ガイド:ちなみに、その「この本だーっ!」の書名は何ですか?
佐藤:コレですね、
「きっと!すべてがうまくいく」(著者:ジェームズ・アレン 翻訳:坂本 貢一 出版社:PHP研究所)。「『原因』と『結果』の法則」の著者、ジェームズ・アレンの本で、前向きに人生に立ち向かうメッセージが詰まっているんです。この本には、いろいろな局面で、何度も支えられましたね。
ガイド:なるほど。先ほどの佐藤さんの座右の銘とも重なる内容ですよね。この本のメッセージでも、とくに「ここだーっ!」(笑)という部分はありますか?
佐藤:あります! 「
パワーに満ちた人とは、周囲の人たちがどんなにあわてているときでも、おだやかにしていられる人である」という一節ですね。最後の最後の土壇場で、「ギャー!」とか「ワー!」とかやってると、判断を誤るんですよ。うるさいだけで(笑)。そういう局面こそ、細かく注意して、理性的に判断して、やるべきことを淡々とやっていく。周囲もそういう姿を見れば落ち着きを取り戻せますし。とくに経営者には、必要な資質ですよね。そんな気持ちをこめて、この本はグループ会社の社長や社員だけでなく、出会った方にもよくさしあげているんですよ。
15のグループ会社を束ねる秘訣は"懐の深さ"
ガイド:なるほど。佐藤さんのバラエティに富んだ事業アイデアやグループ経営の方針には、そんなメッセージも込められているんですね。
佐藤:そうですね、いまのアイ・シー・エフは15のグループ会社から成り立っていますが、それぞれの社長が、平均年齢31、32歳くらいで、"若い経営者集団"のイメージ。僕は、その持ち株会社の社長、というスタンスでいます。
ガイド:バラエティに富んだ各社を、そうやってマネージしていくんですね。
佐藤:はい、大枠を伝えるだけはしますが、あとは基本的に、それぞれの社長にまかせています。積極的に"提案"をすることはありますが、主軸さえ伝えてあれば、細かいひとつひとつのことに、僕が口出しをするまでもないんですよ。そういう環境でこそ、自由で生きたアイデアが生まれていくと思うんです。
ガイド:きょうは貴重なお話をいただき、ありがとうございます。……さて、もうすぐ「金曜、20時」ですが、今夜はどのように過ごされる予定ですか?
佐藤:きょうの「金曜、20時」は…飲みに行きますね。半分ビジネス、半分プライベートで(笑)。

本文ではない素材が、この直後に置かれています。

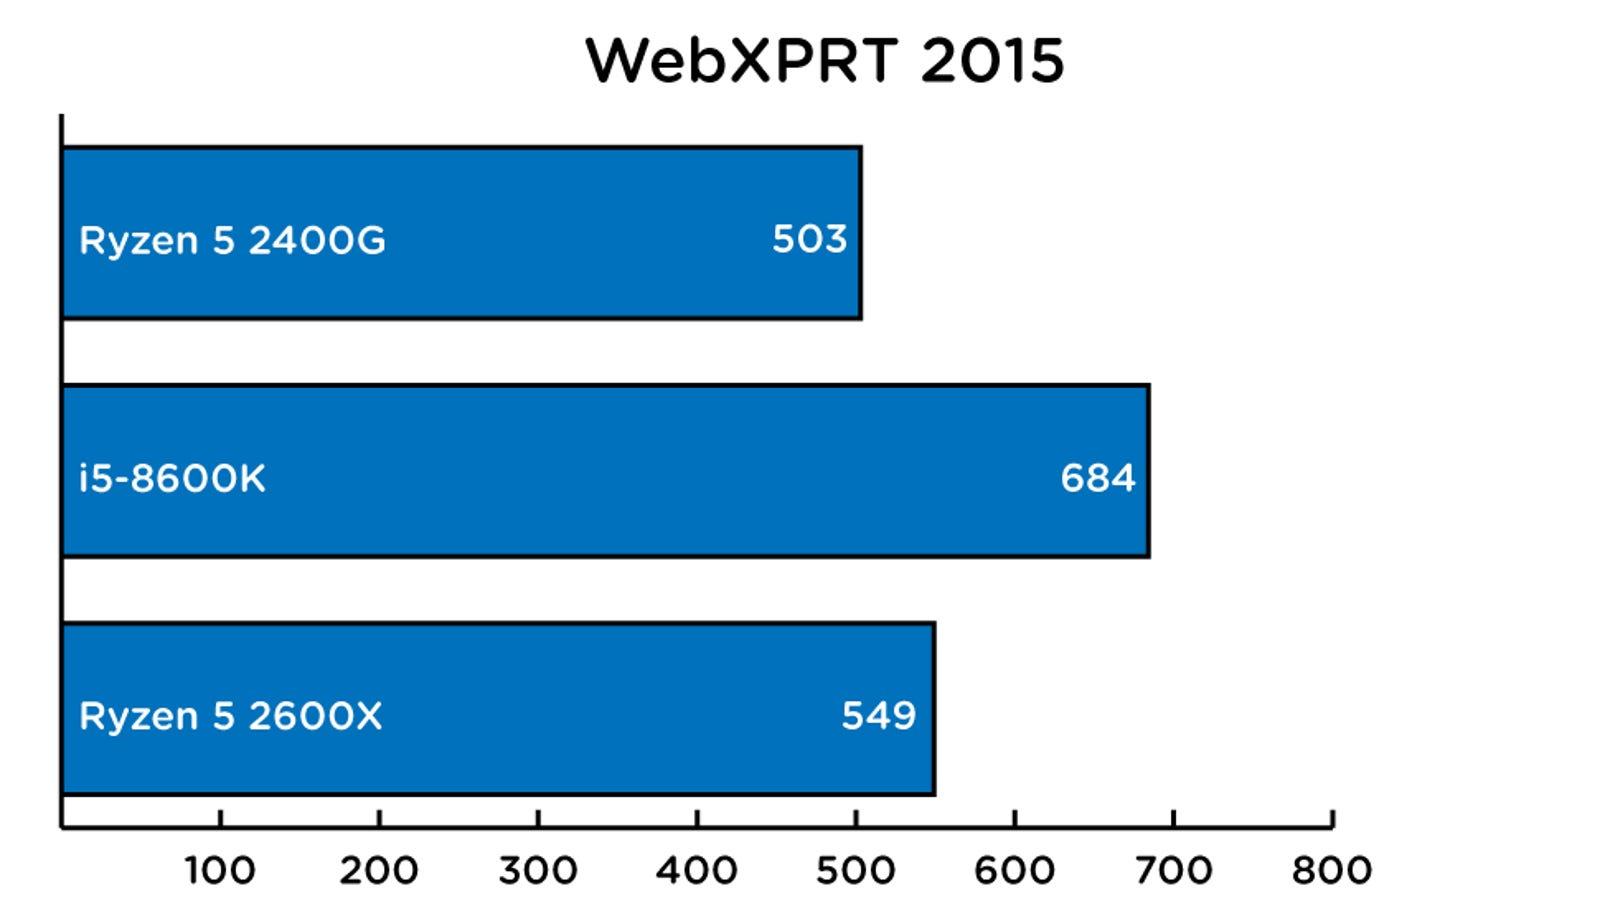 WebXPRT 2015 score. Higher is better.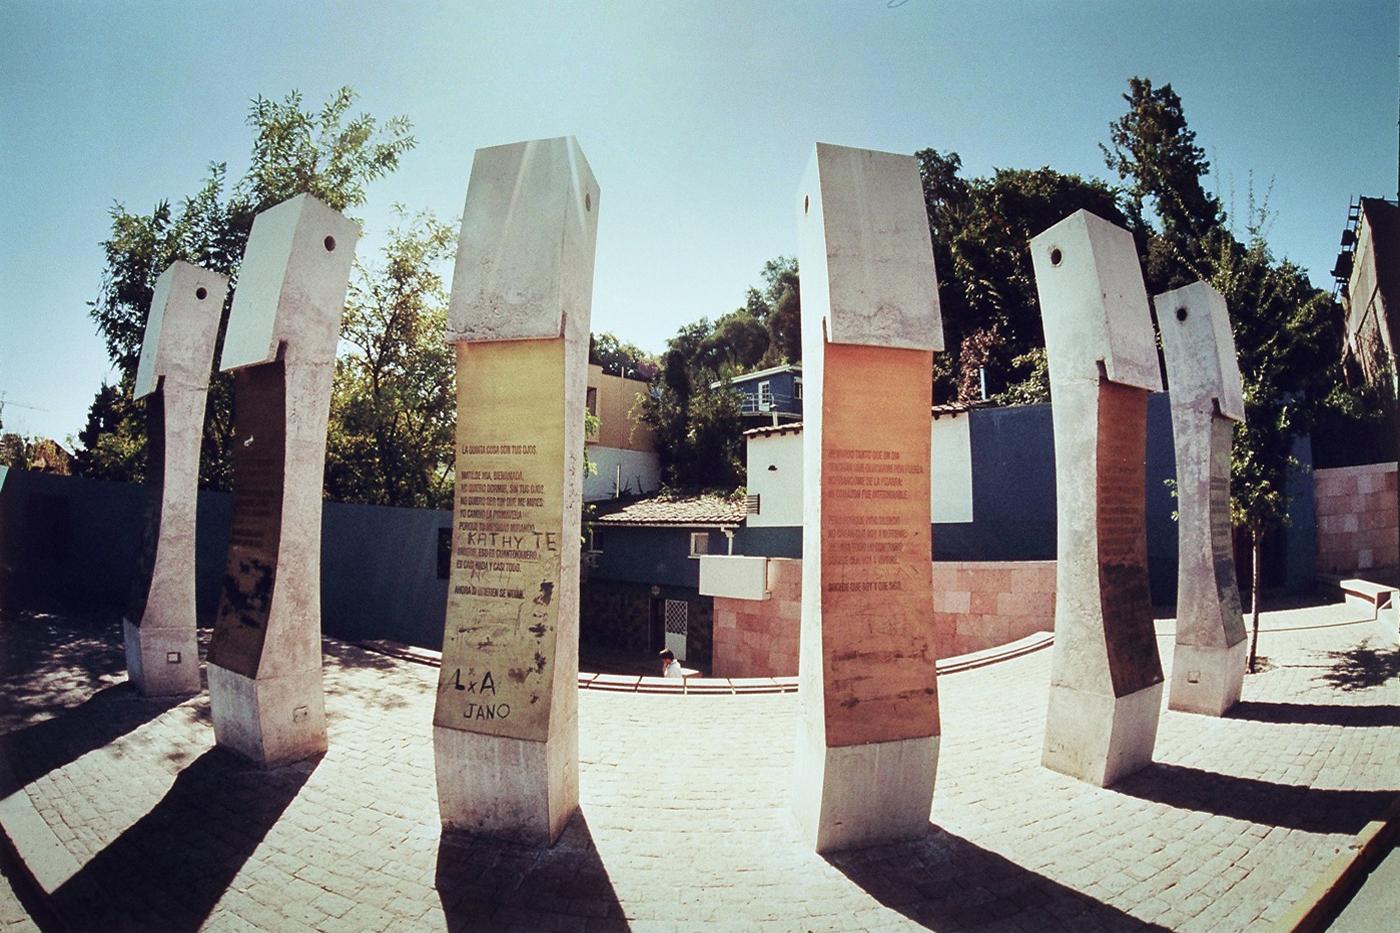 La chascona Santiago de Chile (10)

やっぱり、人と会って過ごす時間が一番好きです。自分より経験豊かな経営者の方とお会いすると、学ぶことが多いですし。同年代の経営者とは、"昔からの仲間と飲む"という感覚ですね。これからも、"修行"は続けながら、人と積極的に出会って、出会いで得たものを大事にしていきたいですね。